WHETHER it’s your pristine Wembley-striped pride and joy or the kids’ rough and tumble outdoor play area, the ‘green carpet’ is the centre piece of many an English garden, writes James Iles.
Most months are good to lay a new lawn or give your existing grass a much-deserved makeover so long as it’s not too hot and dry or the ground is frozen.
For new lawns, measure the area you wish to cover and order your turves (allowing for offcuts depending on your chosen shape) before preparing the ground provided it is not so wet that it sticks to your boots.
Keep the turves stacked together and moist and do not allow them to dry out if you’ve ordered them ahead of the day you are laying it.
Compacted surfaces may first require digging over or, in severe cases or larger areas, properly rotivating with a machine to break up the soil.
Once this is done, rake over the area to get it as flat as possible, removing as many stones and pebbles as you can while you go along.
Now add a dressing of top soil and work this into the earth to improve the nutrients and drainage of the surface.
When you are happy the ground has been worked to a level, fine tilth then you are ready to lay your turves.
Carefully unroll each turf trying not to rip it and lay on to the ground, starting from a straight edge to the planned lawn area. Continue in straight lines, cutting off any excess turf with a stanley knife or old kitchen knife.
The turves should just butt up to each other and their soil should be moist enough to ‘knead’ them so they knit together more easily.
The next row of turves should be laid like brickwork so their joins are staggered against the previous row.
Once they are all laid it is worth tamping them down with the back of a rake and now is also time to cut off any edges which overlap the edges of your design.

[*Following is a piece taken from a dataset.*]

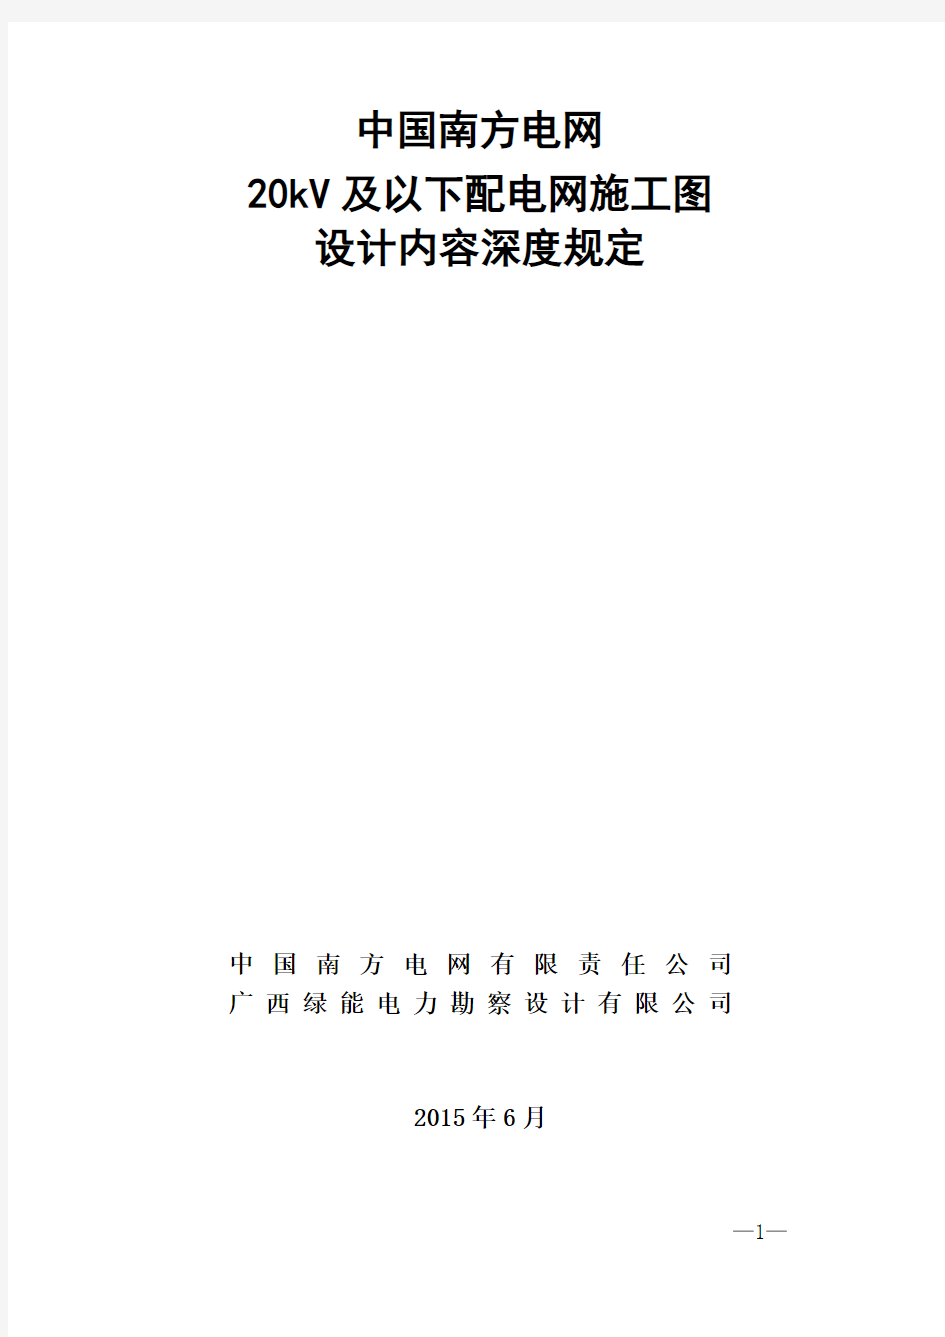 中国南方电网20kV及以下配电网项目施工图设计内容深度规定

Next, walk backwards across the lawn gently brushing up the grass blades, especially across the joints, to stimulate growth.
Finally, water the lawn thoroughly and keep it well watered for a few weeks as it beds in taking note of how much it has been raining.
It is also important not to tread on it for the first four to five weeks as it settles down.
During this period, keep an eye of the grass and fix any turves which seem to have curled away or slipped from joins by rebutting them, tamping them down and watering appropriately.
Existing lawns can also be given a helping hand at this time of year.
Remove the thatch (debris that’s built up over winter from dead grass) and moss from the lawn using a spring-tined rake such to drag it out and then compost it.
For larger lawns a scarifier machine will be required to save your back – there are also electric lawn rakes.
This will make a mess but it will soon recover and the effort will have been well worth it.
Aeration of the compacted surface is also necessary.
Push a fork about six inches into the ground and gently lift up the turf to allow air in every six to eight inches across the grass.
You could add a top dressing of sharp sand and soil mix to improve drainage and encourage strong root growth.
Add some grass seed in the mix to patch up worn areas of the lawn.
Rake over the bald patch to a fine tilth and pat down the soil and seed before watering.
But if you are not confident of getting the mix right for your lawn’s feed then there are plenty of ready-mixed liquid and powder solutions available from garden centres or online.
Don’t mow your lawn until any new grass is at least 3 inches high.